SUPPLIED RECORDS: Begin

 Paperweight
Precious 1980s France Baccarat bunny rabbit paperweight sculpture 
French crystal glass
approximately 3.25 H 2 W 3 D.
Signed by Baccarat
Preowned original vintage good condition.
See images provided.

SUPPLIED RECORDS: End
SUPPLIED RECORDS: Begin

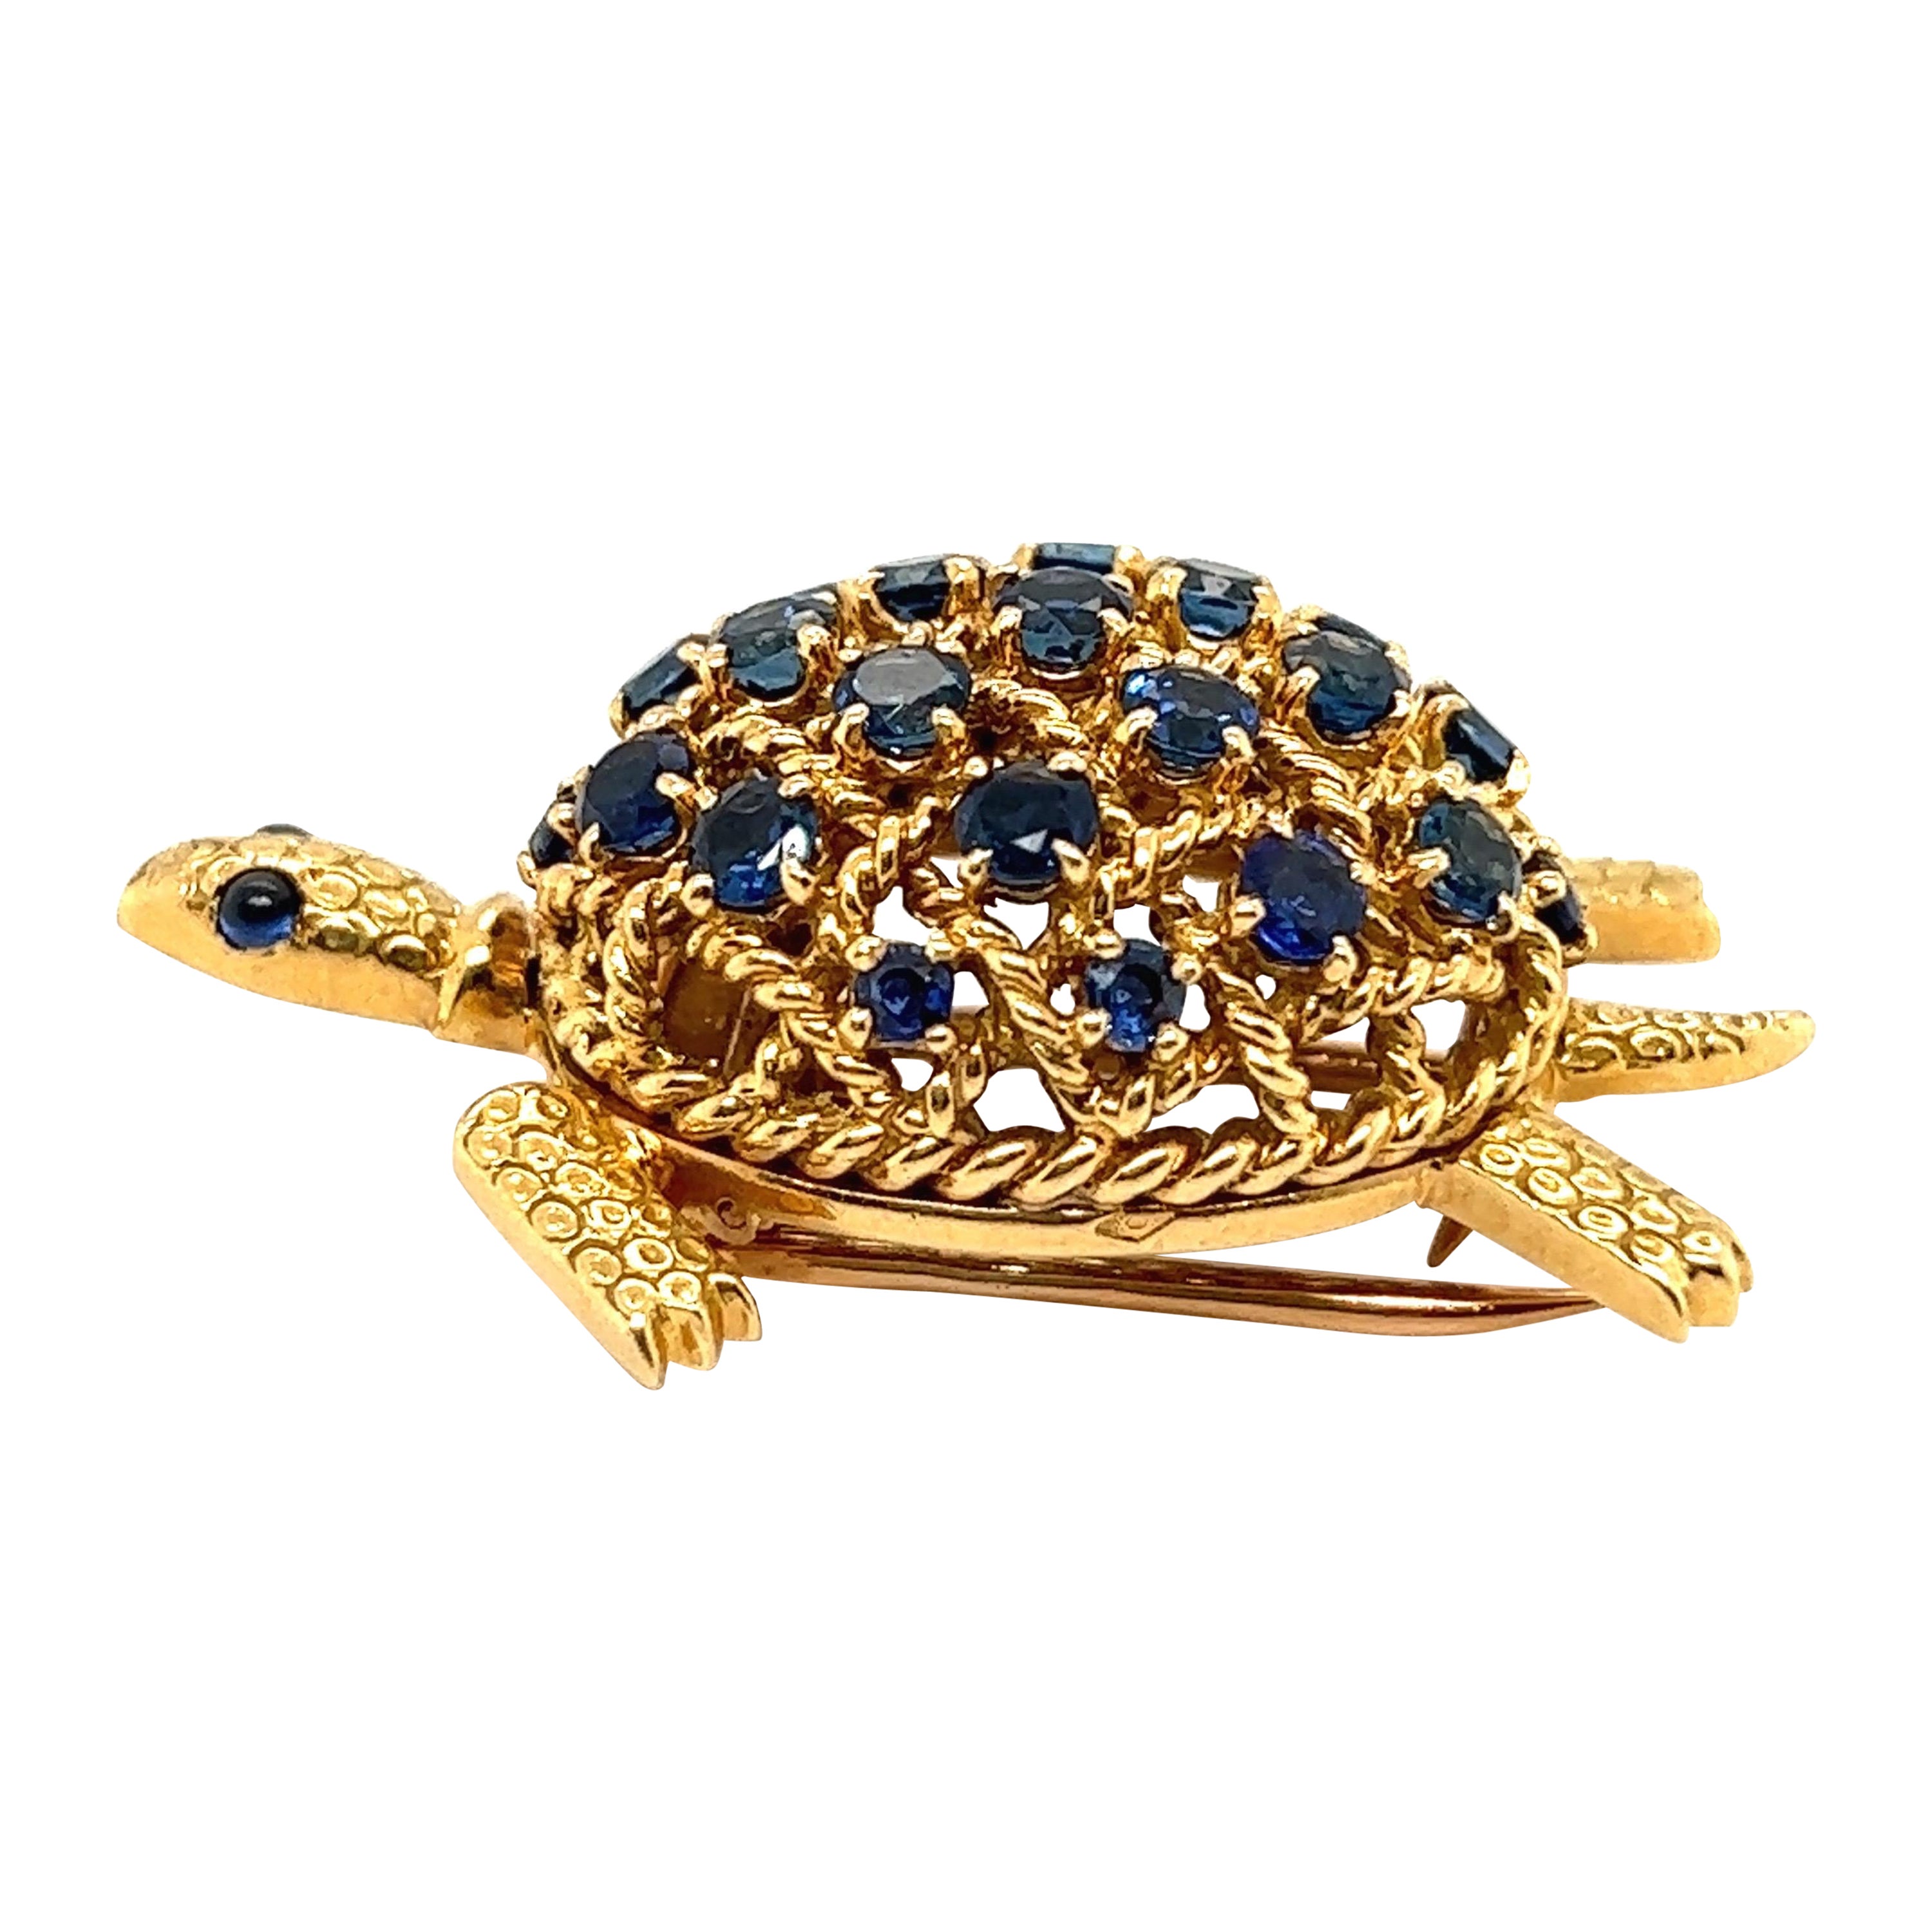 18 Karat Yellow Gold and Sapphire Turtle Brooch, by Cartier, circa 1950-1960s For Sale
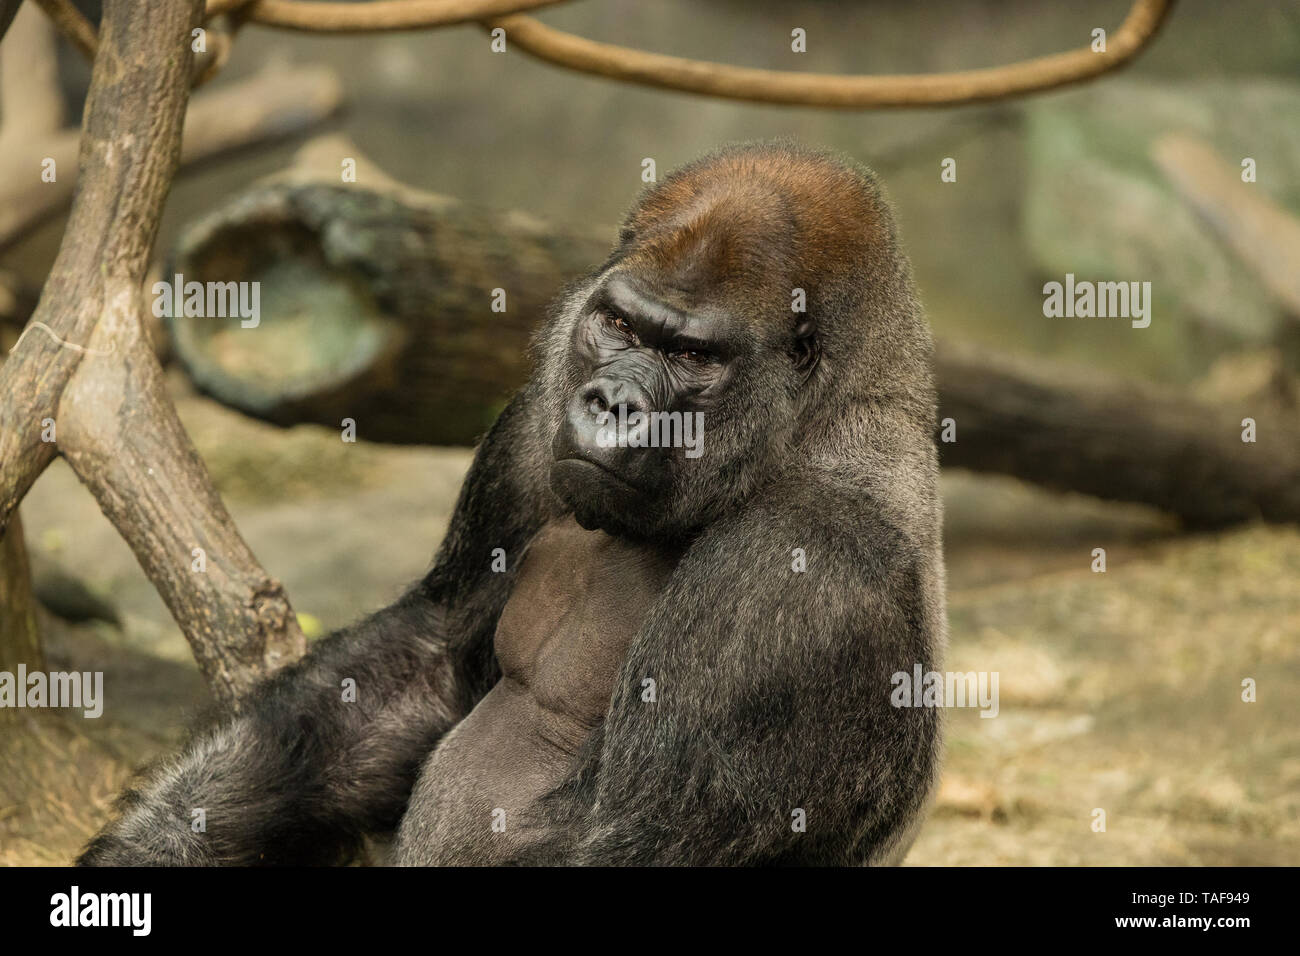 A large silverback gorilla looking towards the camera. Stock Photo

SUPPLIED RECORDS: End

Return only the number of lines in the records above that include the string "Baccarat".

2